More We Can Learn from Jordan Spieth

(excerpts from NYTimes “Jordan Spieth Reassesses a Career Path From the Top, Where Time Is Short” 8-24-15)

Megastar golfer Jordan Spieth was asked to address a bevy of young archers as he was preparing for the FedEx Championship series to begin. He gave what adults would call sound advice. (Mr. Spieth just turned 22.) For example, he advised the youngsters not to cut short their education, as he did.

“‘It wasn’t the smartest choice that I made,’ Spieth said, referring to his decision to drop out of the University of Texas early in his sophomore year to turn pro. ‘I got lucky, and it ended up working out.’

“He cautioned against focusing only on one sport before one’s teenage years. ‘Until I was 12 or 13, I played more baseball than I did golf,’ he said. Spieth mentioned that he had also played football, basketball and soccer.

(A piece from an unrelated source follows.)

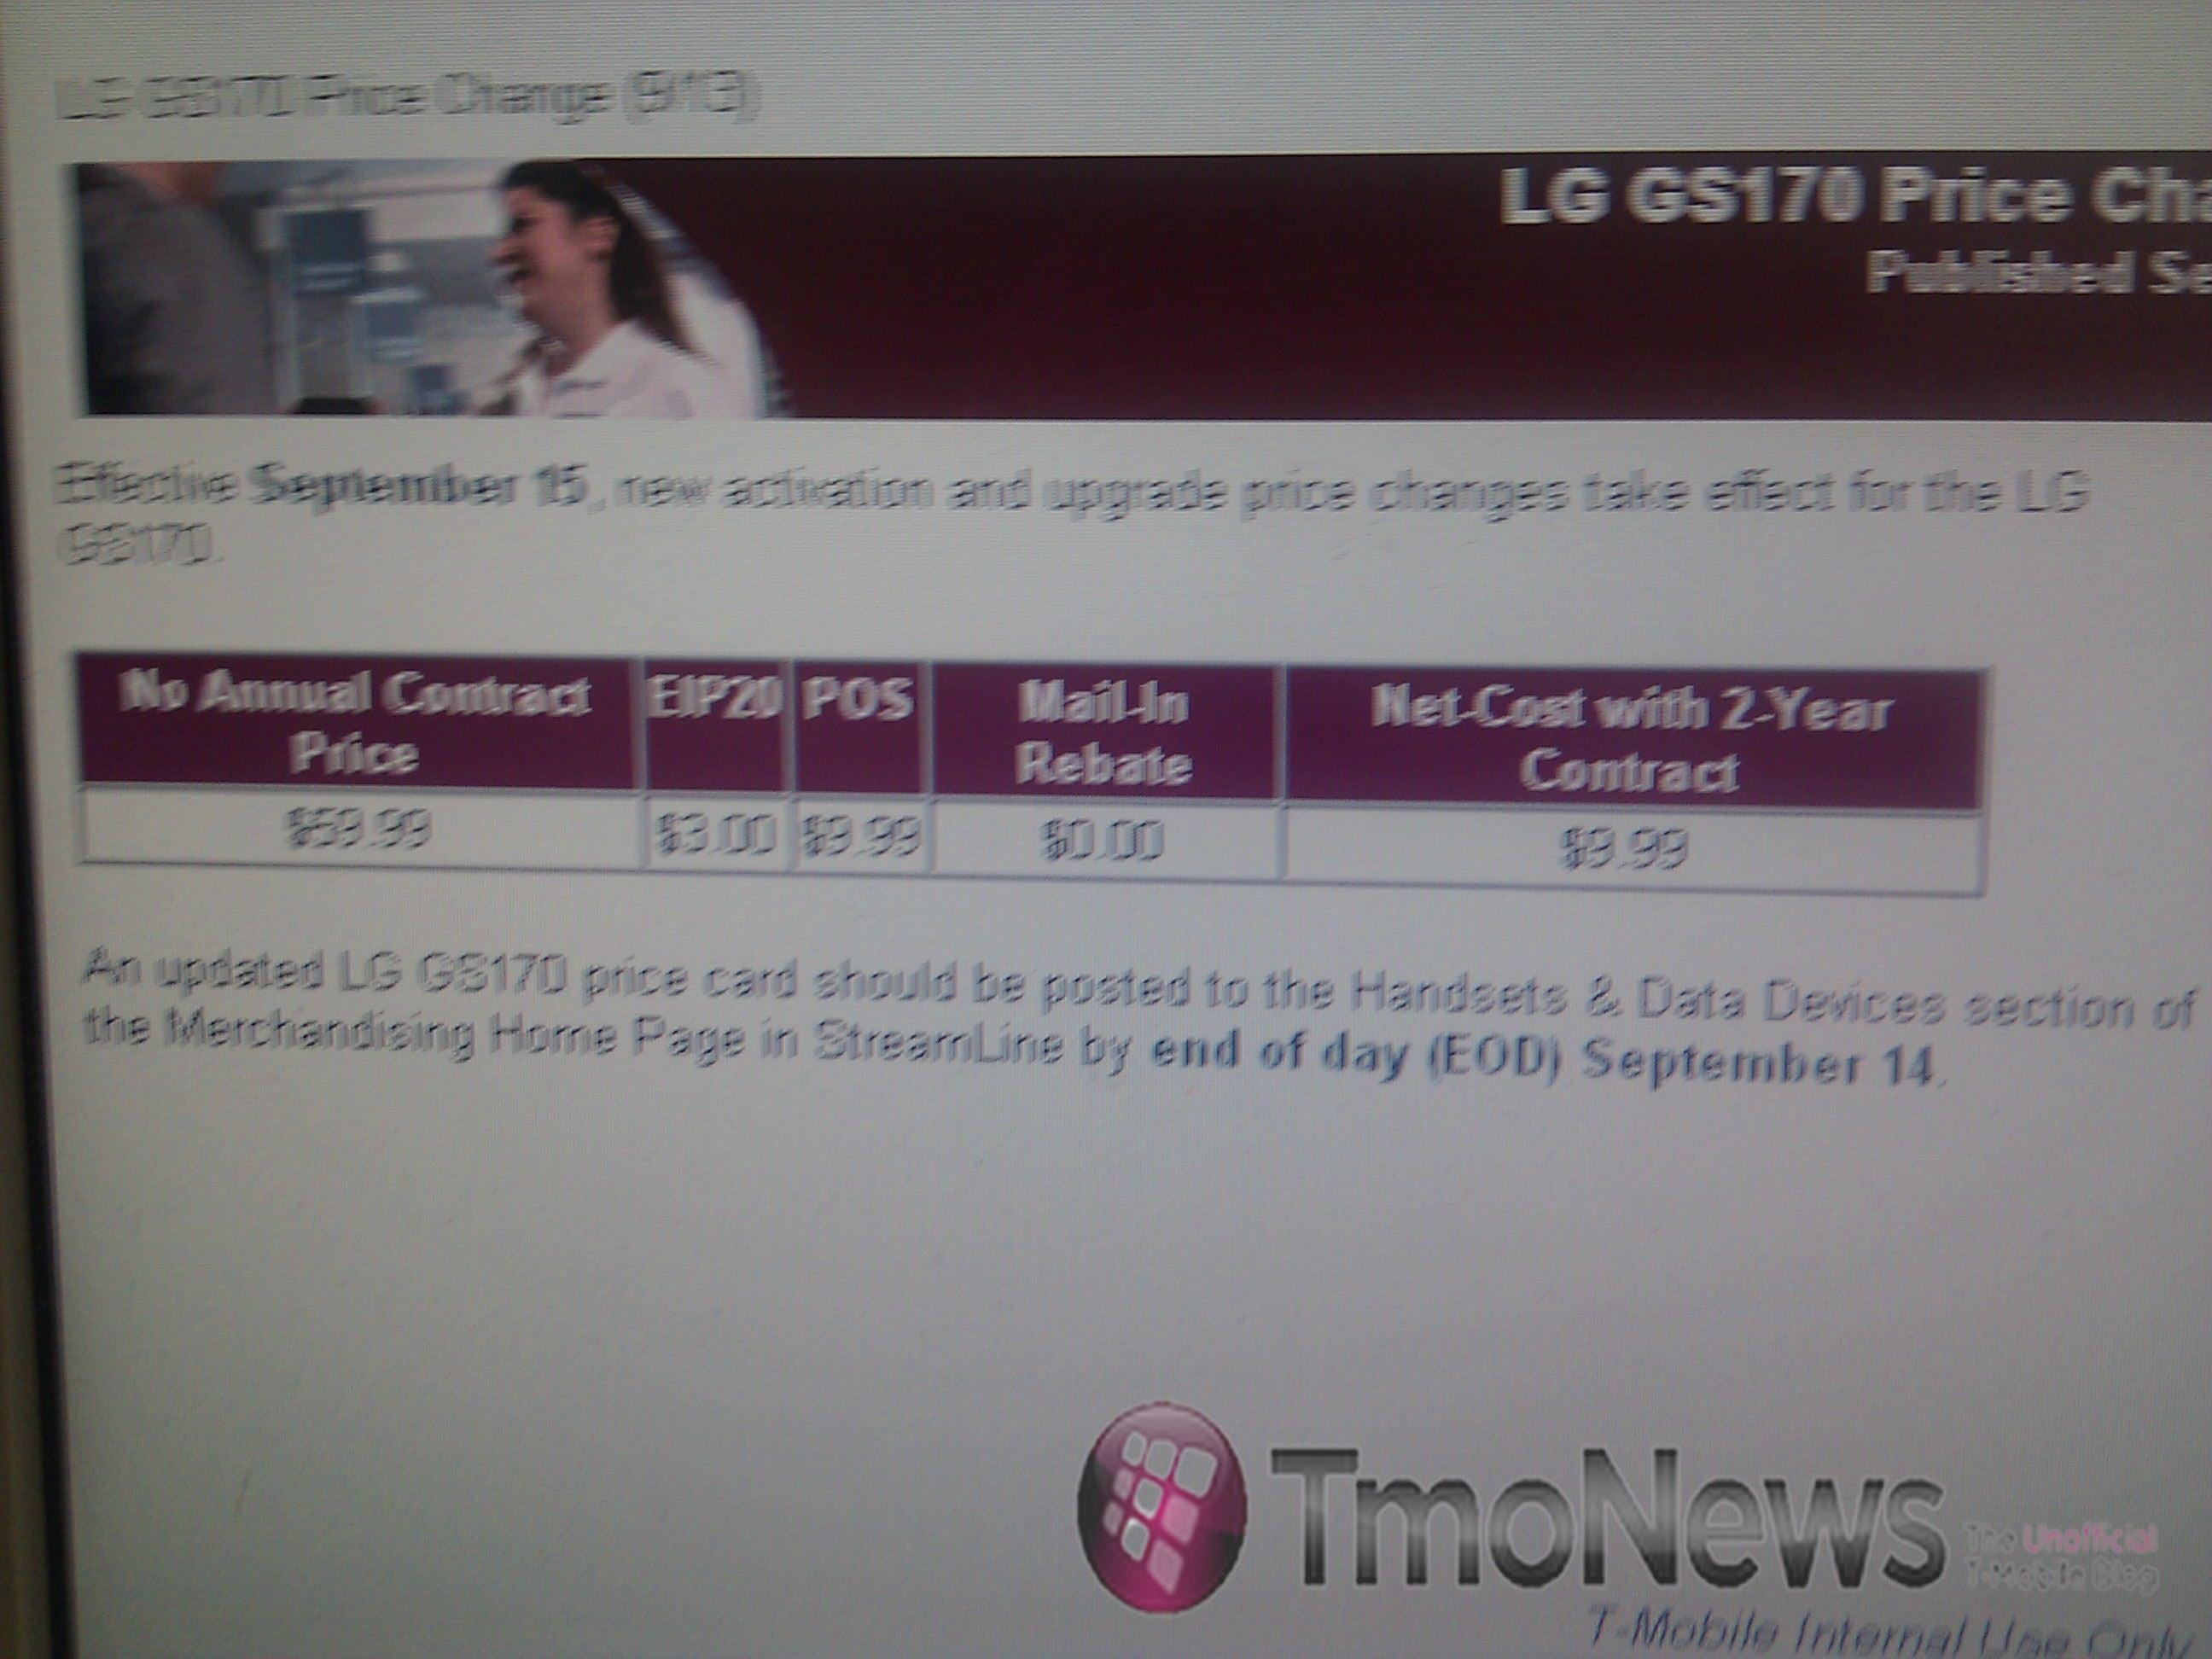 LG GS170 for T-Mobile is getting an unusual price increase?

As a result, he said, ‘I learned how to be a teammate, learned how to fall in love with golf as an athlete who plays golf versus being a golfer who tries to be an athlete.’

“Spieth ultimately chose golf, he said, because he was good at it but also because he was an adrenaline junkie who viewed contending in a major on a Sunday as the next-best thing to a free fall to earth lasting two hours.

‘Your blood starts running; you get nervous; you get the adrenaline,” Spieth said. ‘For golf, when that comes up, that exhilarating factor, you have to learn to control that for an extended period of time.’

He added, ‘I’d be somebody who’d go jump out of an airplane because it would get your heart rate going.’ He smiled and said: ‘I don’t recommend that, by the way. For me, the fact you can keep feeling that, learn how to control it and use it to your advantage, that’s something I didn’t find in any other sport.’”

In other words, young Mr. Spieth went into competitive golf because nerves from performance pressure were there. And watching golf, like watching archery, is the sporting equivalent of watching paint dry. They are not what most people would think of as a sport for adrenaline junkies. And we thought competition nerves were a negative factor! Maybe we ought to start viewing them into a positive!